On Mon, Apr 25, 2016 at 09:29:42AM +0100, Chris Wilson wrote:
> On Mon, Apr 25, 2016 at 08:31:07AM +0100, Dave Gordon wrote:
> > On 22/04/16 19:51, Chris Wilson wrote:
> > >On Fri, Apr 22, 2016 at 07:45:15PM +0100, Chris Wilson wrote:
> > >>On Fri, Apr 22, 2016 at 07:22:55PM +0100, Dave Gordon wrote:
> > >>>This patch simply changes the default value of "enable_guc_submission"
> > >>>from 0 (never) to -1 (auto). This means that GuC submission will be
> > >>>used if the platform has a GuC, the GuC supports the request submission
> > >>>protocol, and any required GuC firmwware was successfully loaded. If any
> > >>>of these conditions are not met, the driver will fall back to using
> > >>>execlist mode.
> > >
> > >I just remembered something else.
> > >
> > >  * Work Items:
> > >  * There are several types of work items that the host may place into a
> > >  * workqueue, each with its own requirements and limitations. Currently only
> > >  * WQ_TYPE_INORDER is needed to support legacy submission via GuC, which
> > >  * represents in-order queue. The kernel driver packs ring tail pointer and an
> > >  * ELSP context descriptor dword into Work Item.
> > >
> > >Is this right? You only allocate a single client covering all engines and
> > >specify INORDER. We expect parallel execution between engines, is this
> > >supported? Empirically it seems like guc is only executing commands in
> > >series across engines and not in parallel.
> > >-Chris
> > 
> > AFAIK, INORDER represents in-order executions of elements in the
> > GuC's (internal) submission queue, which is per-engine; i.e. this
> > option bypasses the GuC's internal scheduling algorithms and makes
> > the GuC behave as a simple dispatcher. It demultiplexes work queue
> > items into the multiple submission queues, then executes them in
> > order from there.
> > 
> > Alex can probably confirm this in the GuC code, but I really think
> > we'd have noticed if execution were serialised across engines. For a
> > start, the validation tests that have one engine busy-spin while
> > waiting for a batch on a different engine to update a buffer
> > wouldn't ever finish.
> 
> That doesn't seem to be the issue, we can run in parallel it seems
> (busy-spin on one engine doesn't prevent a write on the second). It's 
> just the latency it seems. Overall the execution latency goes up
> substantially with guc, and in this case it does not seem to be executing
> the second execbuf on the second ring until after the first completes.

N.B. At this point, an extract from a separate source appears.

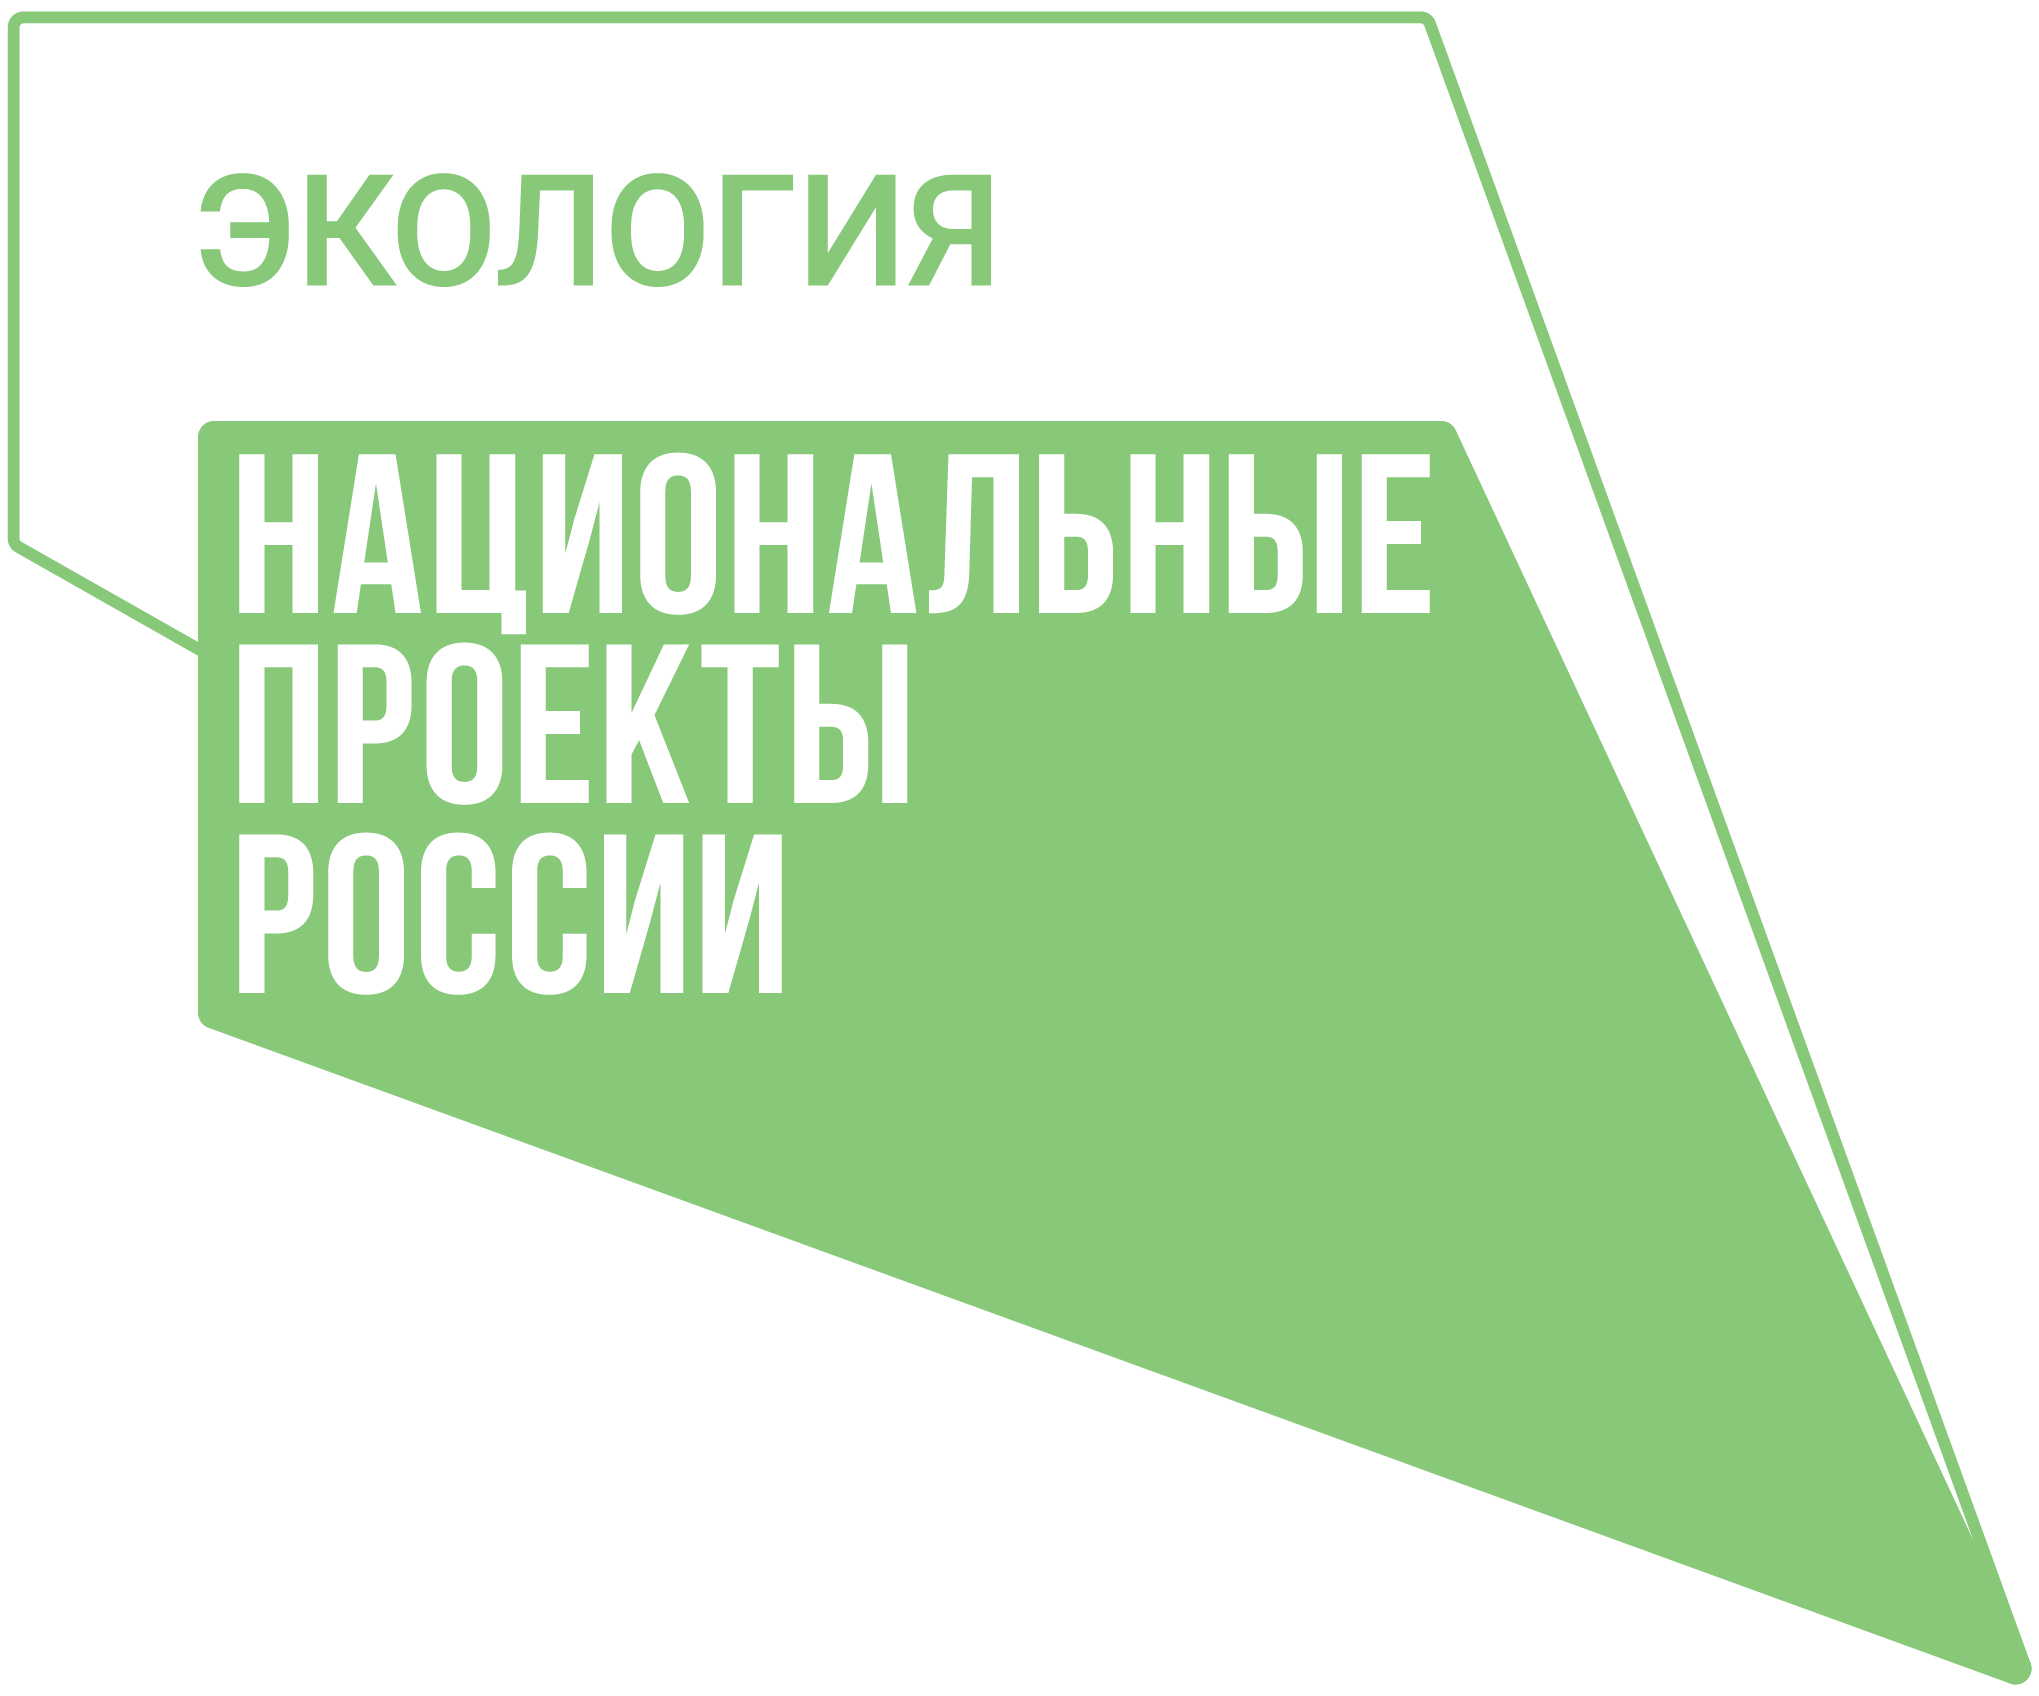 You are currently viewing Всероссийская акция по сбору макулатуры #БумБатл

That sounds like a decent bug in guc code, and defeats the point of all
the work to speed up execlist submission going on right now.

Can we have non-slow guc somehow? Do we need to escalate this to the
firmware folks and first make sure they have a firmware released which
doesn't like to twiddle thumsb (assuming it's a guc issue indeed and not
in how we submit things)?

Afaiui the point of guc was to reduce submission latency by again having a
queue to submit to, instead of the 1.5 submit ports with execlist. There's
other reasons on top, but if firmware engineers butchered that it doesn't
look good.
-Daniel
-- 
Daniel Vetter
Software Engineer, Intel Corporation
http://blog.ffwll.ch